- TASK STATEMENT -
Where in the listing does the word "from" appear? Report each line that holds it.
=====
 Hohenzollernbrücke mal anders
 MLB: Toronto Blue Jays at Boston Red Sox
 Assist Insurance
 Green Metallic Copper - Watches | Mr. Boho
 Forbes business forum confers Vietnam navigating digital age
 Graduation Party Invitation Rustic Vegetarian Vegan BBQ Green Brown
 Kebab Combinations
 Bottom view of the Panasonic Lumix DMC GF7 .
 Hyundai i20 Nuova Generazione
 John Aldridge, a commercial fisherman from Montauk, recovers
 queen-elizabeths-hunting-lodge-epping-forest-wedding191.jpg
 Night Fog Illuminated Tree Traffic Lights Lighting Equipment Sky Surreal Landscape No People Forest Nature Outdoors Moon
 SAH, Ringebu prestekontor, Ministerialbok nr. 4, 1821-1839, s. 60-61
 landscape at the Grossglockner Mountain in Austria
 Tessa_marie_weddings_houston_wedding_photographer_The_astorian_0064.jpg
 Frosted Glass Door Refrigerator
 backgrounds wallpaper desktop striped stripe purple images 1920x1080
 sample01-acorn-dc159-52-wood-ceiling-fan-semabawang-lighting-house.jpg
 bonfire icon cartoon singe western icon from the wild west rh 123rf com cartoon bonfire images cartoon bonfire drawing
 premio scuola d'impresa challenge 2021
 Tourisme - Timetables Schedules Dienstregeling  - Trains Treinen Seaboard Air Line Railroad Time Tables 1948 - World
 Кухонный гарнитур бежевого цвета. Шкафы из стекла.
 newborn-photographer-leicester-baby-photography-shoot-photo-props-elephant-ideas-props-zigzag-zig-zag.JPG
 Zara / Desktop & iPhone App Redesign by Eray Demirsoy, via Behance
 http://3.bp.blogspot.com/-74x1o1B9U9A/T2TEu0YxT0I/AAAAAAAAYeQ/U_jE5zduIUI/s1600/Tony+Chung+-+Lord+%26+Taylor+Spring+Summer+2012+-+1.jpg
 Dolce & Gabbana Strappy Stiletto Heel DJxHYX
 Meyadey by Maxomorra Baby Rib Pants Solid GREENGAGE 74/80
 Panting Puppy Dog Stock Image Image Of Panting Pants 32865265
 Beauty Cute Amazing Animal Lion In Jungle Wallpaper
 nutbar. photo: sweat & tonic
=====
- SOLUTION -
 John Aldridge, a commercial fisherman from Montauk, recovers
 bonfire icon cartoon singe western icon from the wild west rh 123rf com cartoon bonfire images cartoon bonfire drawing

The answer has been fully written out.